The Simple Programming language is a toy language that is easy to parse and easy to interpret, yet powerful enough to solve problems from number theory. Its purpose is to demonstrate the formal definition of languages using the Backus-Naur notation.

The language

SP has four statements:

READ var Read an int from the user, and store it in var
WRITE expr Print the value of expr
LET var = expr Set value of var to expr
GOTO label [IF expr] Jump to the specified line. If expr is present, the jump is conditional on expr ≧ 0

Here's the complete BNF for SP:

<program> ::= <progline> | <program> <progline>
<progline> ::= <number> : <stmt> ; | <stmt> ;
<stmt> ::= READ <var_id> |
           WRITE <expr> |
	   LET <var_id> = <expr> |
	   GOTO <number> |
	   GOTO <number> IF <expr>
<expr> ::= <term> | <term> + <term> | <term> - <term>
<term> ::= <factor> | <factor> * <factor> | <factor> / <factor>
<factor> ::= ( <expr> ) | <number> | <var_id>
<var_id> ::= LETTER | LETTER DIGIT
<number> ::= DIGIT | <number> DIGIT

There are 33 variables available for programs, named X, Y, Z, X0, …, X9, Y0, …, Y9, Z0, …, Z9. The type of variables and expressions is uniformly signed integer.

Sample SP program

The following program calculates the greatest common denominator of two nonnegative numbers X and Y, using a somewhat naïve approach. You can download it to test your own parser.


100:	GOTO 200 IF Y - X;
	LET X = X - Y;
	GOTO 100;

200:	GOTO 300 IF X - Y;
	LET Y = Y - X;
	GOTO 100;

300:	WRITE X;

Implementing SP

Python interpreter

This Python program parses and interprets SP programs.
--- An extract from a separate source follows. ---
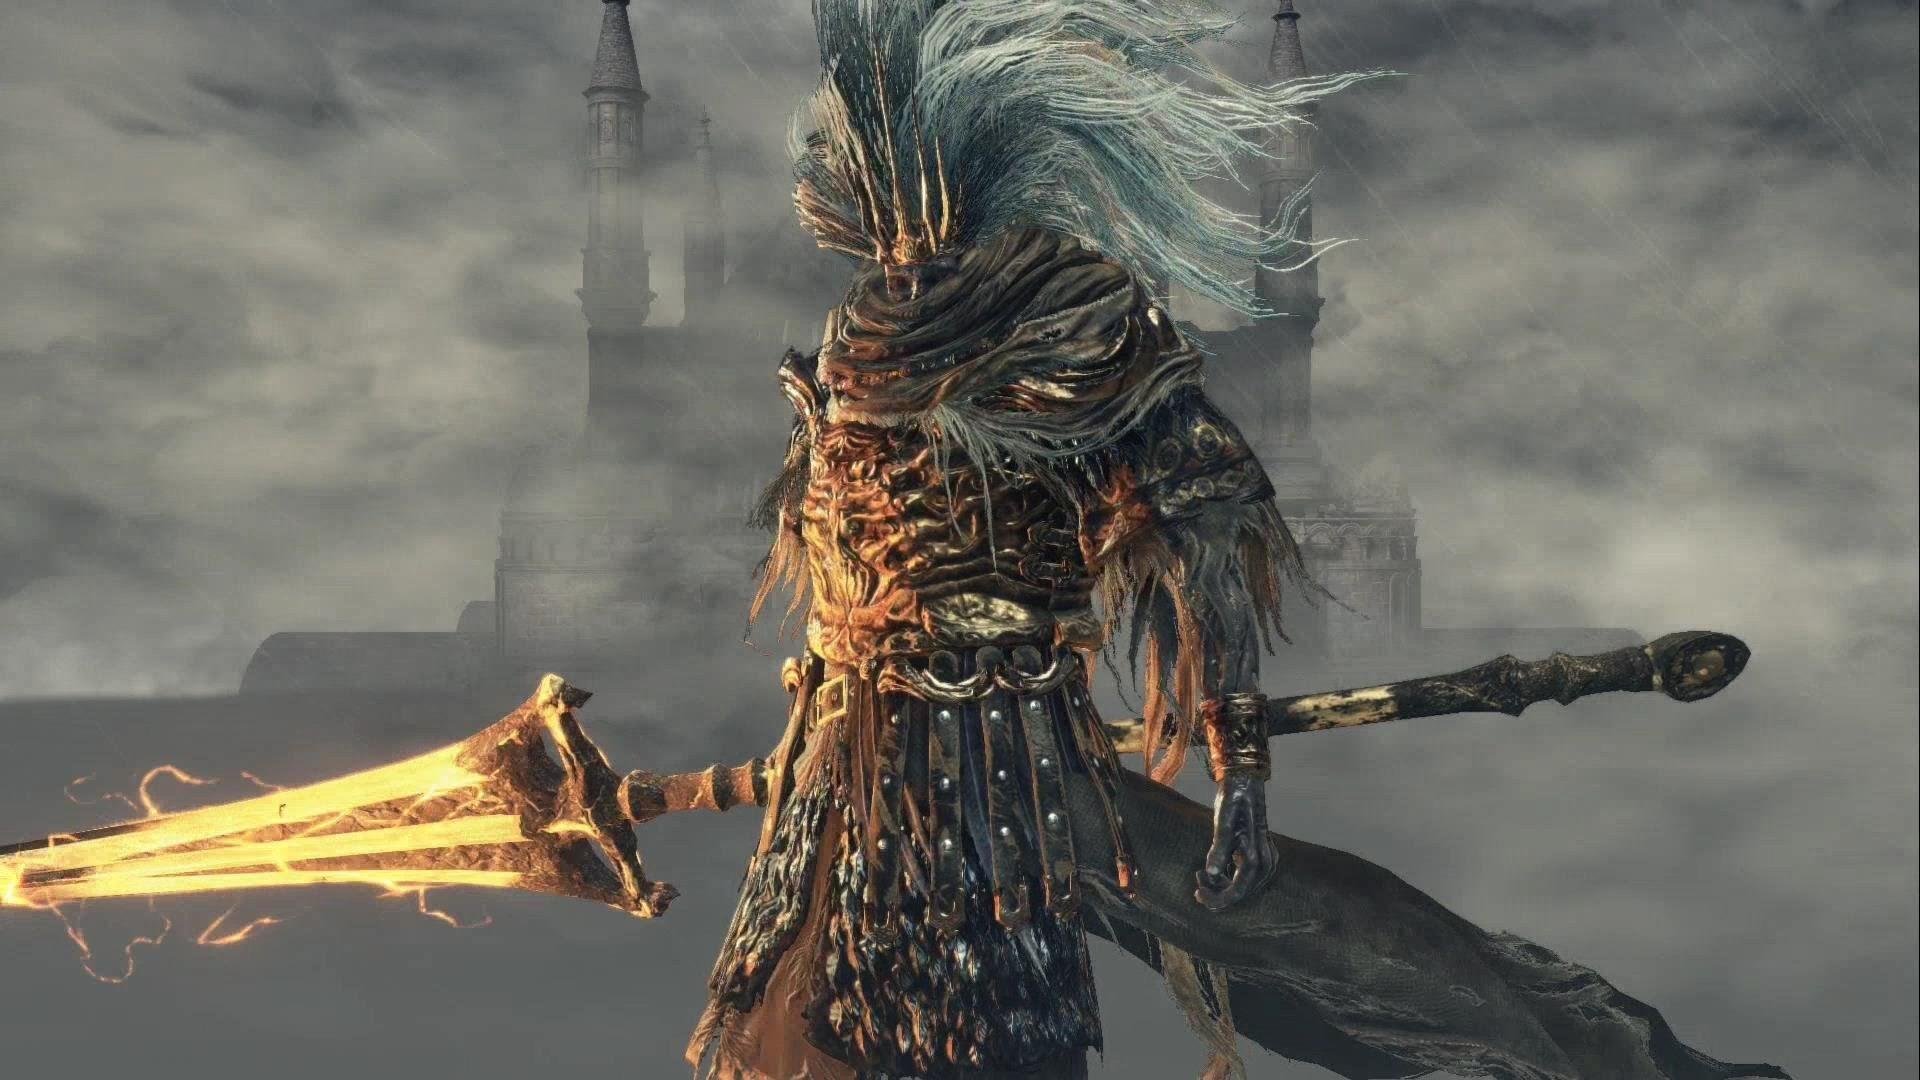 Epic Dark Souls Solaire statue will help you praise the sun – Dark Souls III

Parsing is done via the Yappy parser generator, and the program is internally represented as a list of statement objects. Expressions are represented as binary trees, taking advantage of the fact that the grammar definition of SP allows for no non-binary operations.

Yappy provides a very nice interface for writing parsers. Note how cleanly semantic actions are described in the grammar table. The single fault I can find with Yappy is that both its lexer and its parser generator require the usage of strings for id's. Allowing arbitrary identities would make for even nicer code.

Python compiler

This compiler, also written in Python and obviously based on the above code, compiles SP programs into IA-32 assembly. Expressions are compiled into assembly instructions putting results on the stack. IO is implemented via libc's printf and scanf functions.

Obviously, because of the very nature of the SP language, no fancy type calculus or memory layouting is done. It does, however, demonstrate how there's nothing magic about writing a compiler.

Yes, the implementation (unified with the interpreter's code) needs to be refactored into multidispatch methods.